Mortgage brokers blame the slide on better turn around times for applications and lower rates – particularly from Commonwealth Bank and Westpac, the nation’s two largest lenders – and smaller lenders seeking to build market share.

On Monday, NAB will launch a $2000 cash back for customers refinancing their loans. It is also offering a first home buyer special fixed rate of 3.69 per cent and claims an average approval rate of five days for 80 per cent of its applications.

According to the latest Australian Prudential Regulation Authority data, NAB recorded the strongest growth in housing lending among the majors over the past year and half year, with loans up 4.4 per cent and 3.9 per cent respectively. In the past month however, growth slowed to an annualised rate of 1.1 per cent, behind Commonwealth Bank and Westpac.

But NAB is still growing faster than ANZ, whose loan growth contracted by 2.3 per cent in the past month on an annualised basis, the APRA data shows.

It has been 12 tumultuous months for NAB during which time Mr Thorburn and chairman Ken Henry resigned and a boardroom clean-out was started amid attempts to transform the culture.

AFG analysis shows CBA and Westpac, and their subsidiaries, have made gains over all mortgage categories, particularly fixed rate and refinancing.

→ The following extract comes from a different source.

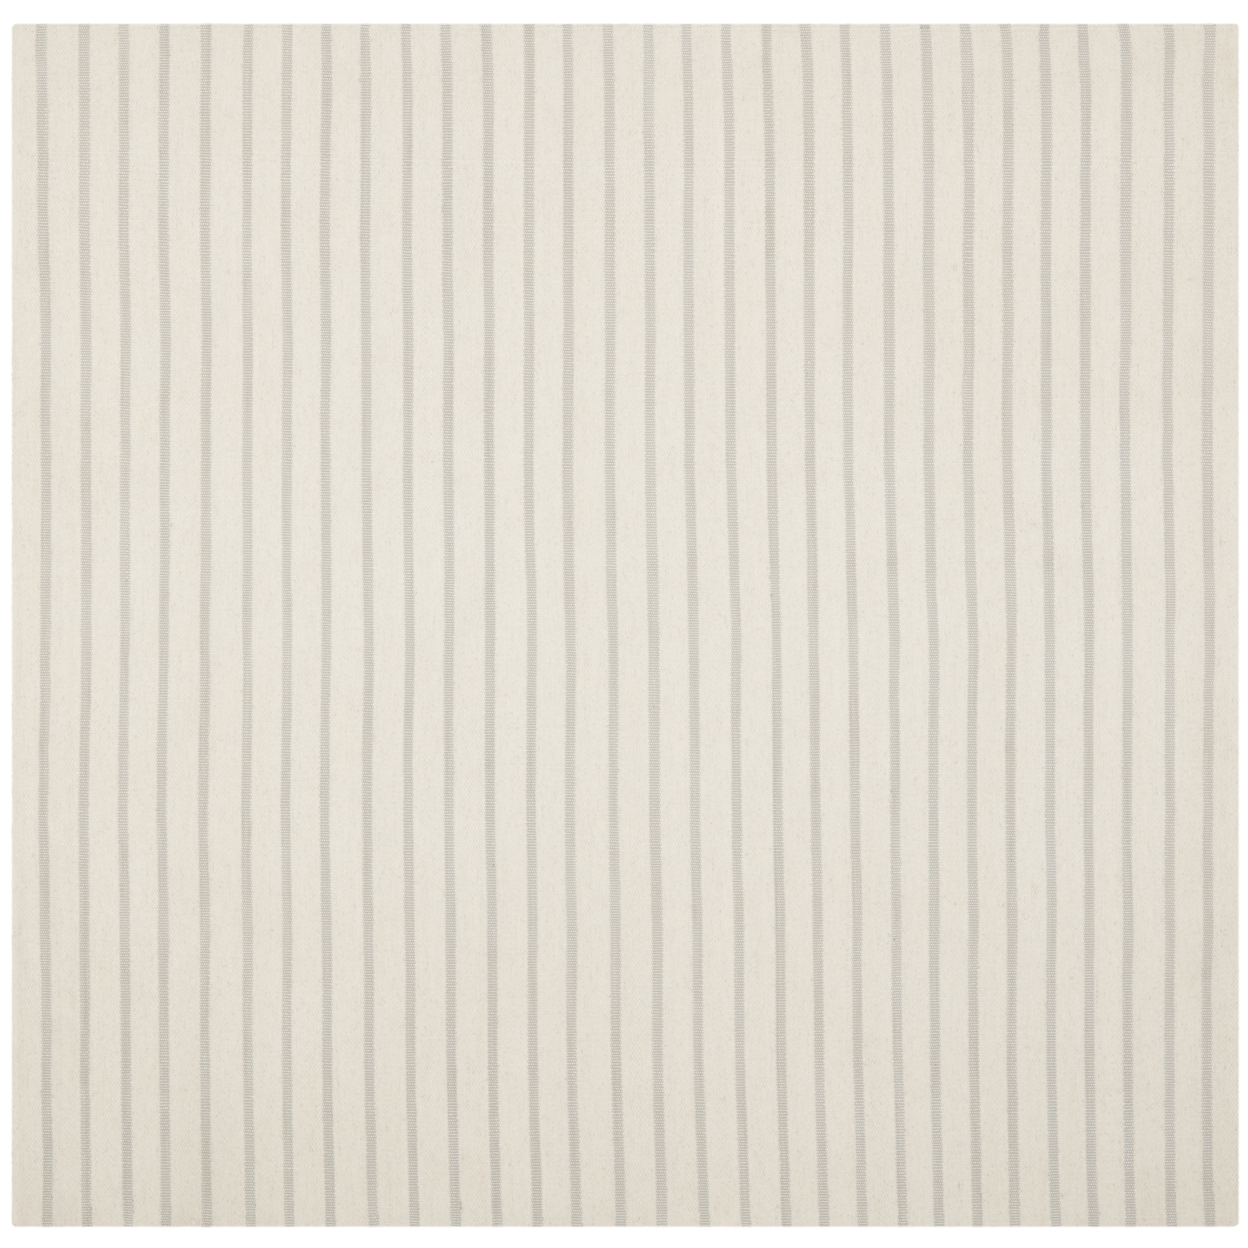 SAFAVIEH Dhurries Collection DHU313D Handwoven White Rug - 6' Square

CBA and Westpac account for about 50 per cent of the nation's total mortgage market, NAB and ANZ about 15 per cent each, and dozens of other lenders compete for the remainder. Mortgage brokers account for about 50 per cent of new loans.

Westpac is believed to have increased market share with AFG's brokers by about 45 per cent to 14 per cent, while CBA is up about 13 per cent to 14.6 per cent.

Westpac this weekend launched changes to its fixed-rate range matching recent cuts from the CBA from two to five years for owner-occupiers and investors paying principal and interest.

Westpac and its subsidiaries have increased their share of AFG's fixed rate business from about 12 per cent to nearly 30 per cent.

Westpac has also nearly doubled its share of AFG's mortgage investor market from about 11 per cent to more than 19 per cent, while its share of refinancing has grown from around 9 per cent to more than 17 per cent.

CBA has increased its share of AFG's mortgage business from 13 per cent to more than 14 per cent.

NAB has also increased wholesale mortgage funding rates by 15 basis points, triggering rises across dozens of products offered by mortgage brokers and aggregators.

The bank said it was the first wholesale rate rise since August 2017 and was prompted by "sustained elevated funding cost pressures".

The wholesale rate increases were announced by Advantedge, which is the bank's wholesale funder and distributor of white-label loans, which are home-branded loans, a similar marketing strategy to home-branded products found in supermarkets.

White-label home loans are available through more than 85 per cent of mortgage brokers and distributed under the brands of mortgage aggregators and mortgage managers. They are an alternative to loans from major bank.

The mortgage aggregators offering Advantedge products include PLAN, FAST, Choice Aggregation Services, Australian Finance Group, Connective Smartline Astute, Loan Market and LJ Hooker Home Loans.